Among the entries below, one line contains "Flerfarget kart - Paris" and another contains "2018 volvo v90". Transcribe those two lines and every line between them, exactly.

— Exercise material —
Content starts

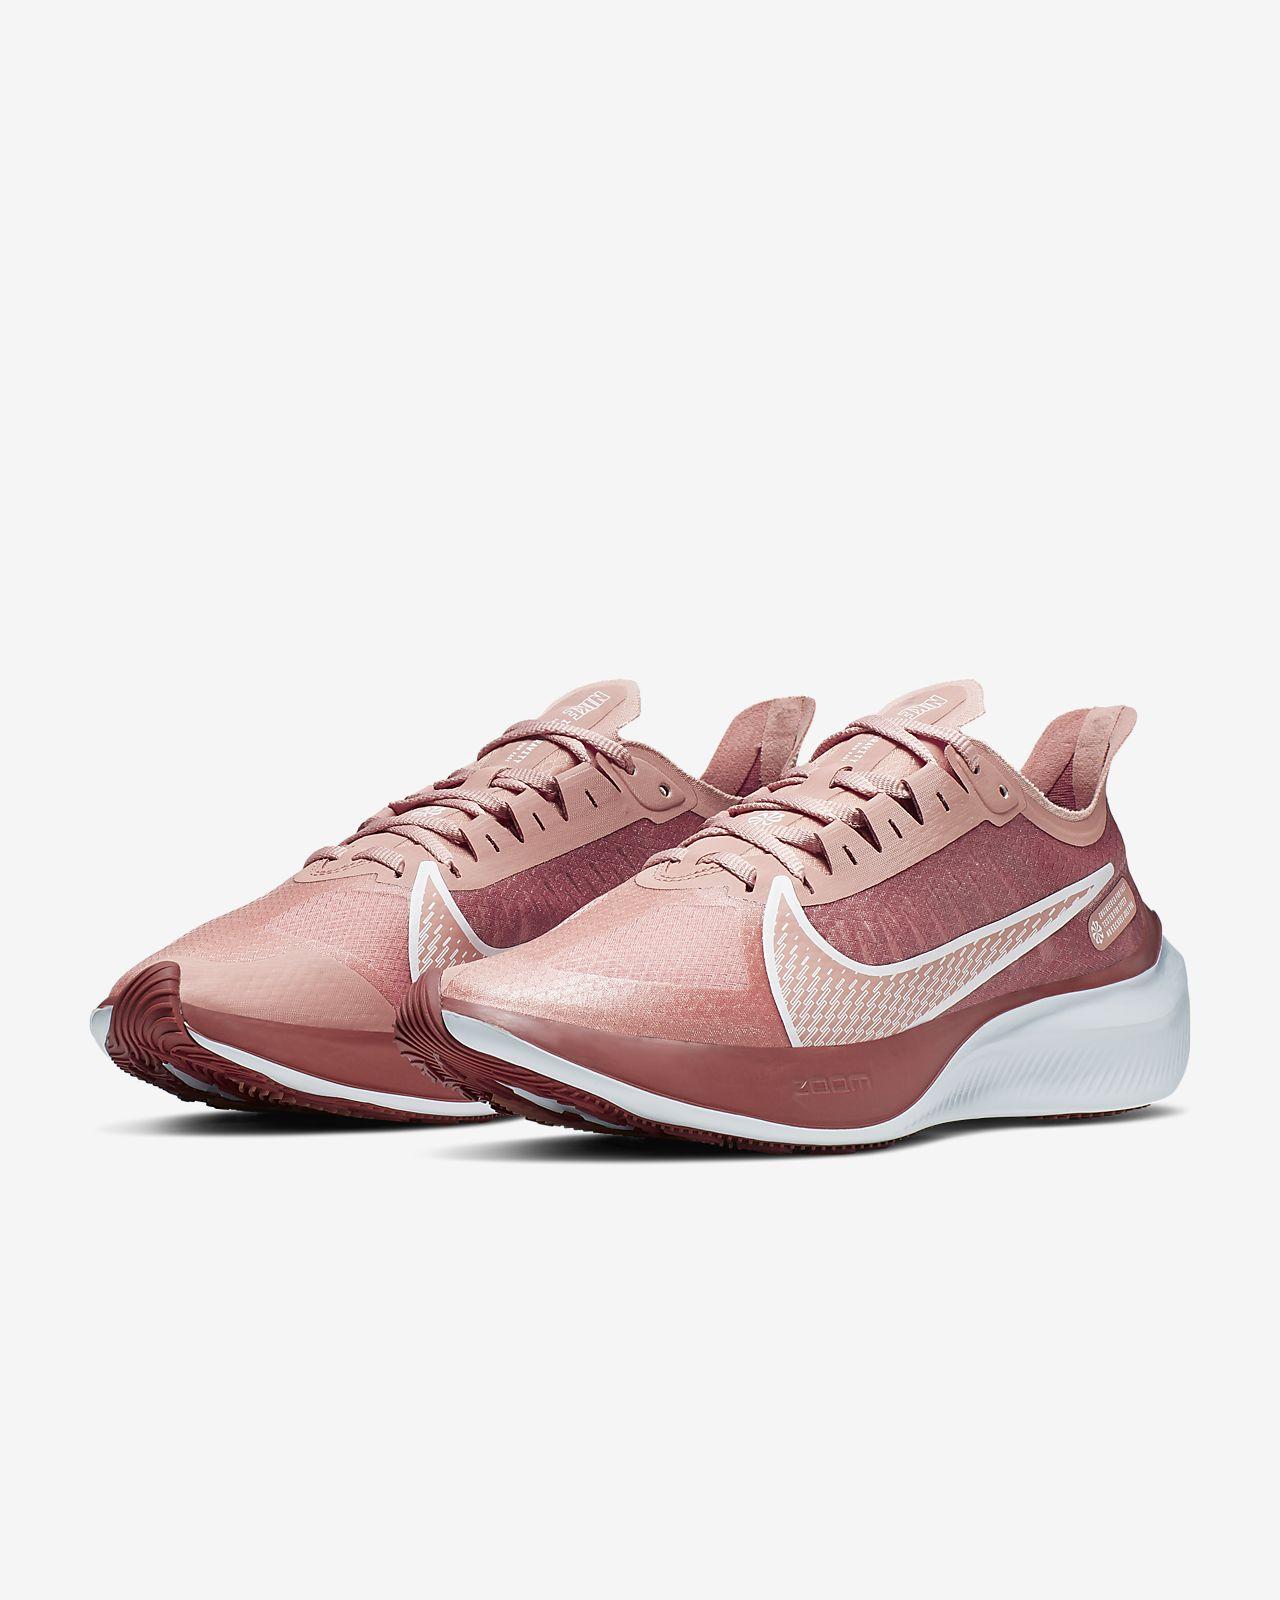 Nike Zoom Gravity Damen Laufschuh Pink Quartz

Content ends
Content starts

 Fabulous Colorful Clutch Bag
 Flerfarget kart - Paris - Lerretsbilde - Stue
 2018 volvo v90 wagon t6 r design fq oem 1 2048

Content ends

— Output for this exercise —
 Flerfarget kart - Paris - Lerretsbilde - Stue
 2018 volvo v90 wagon t6 r design fq oem 1 2048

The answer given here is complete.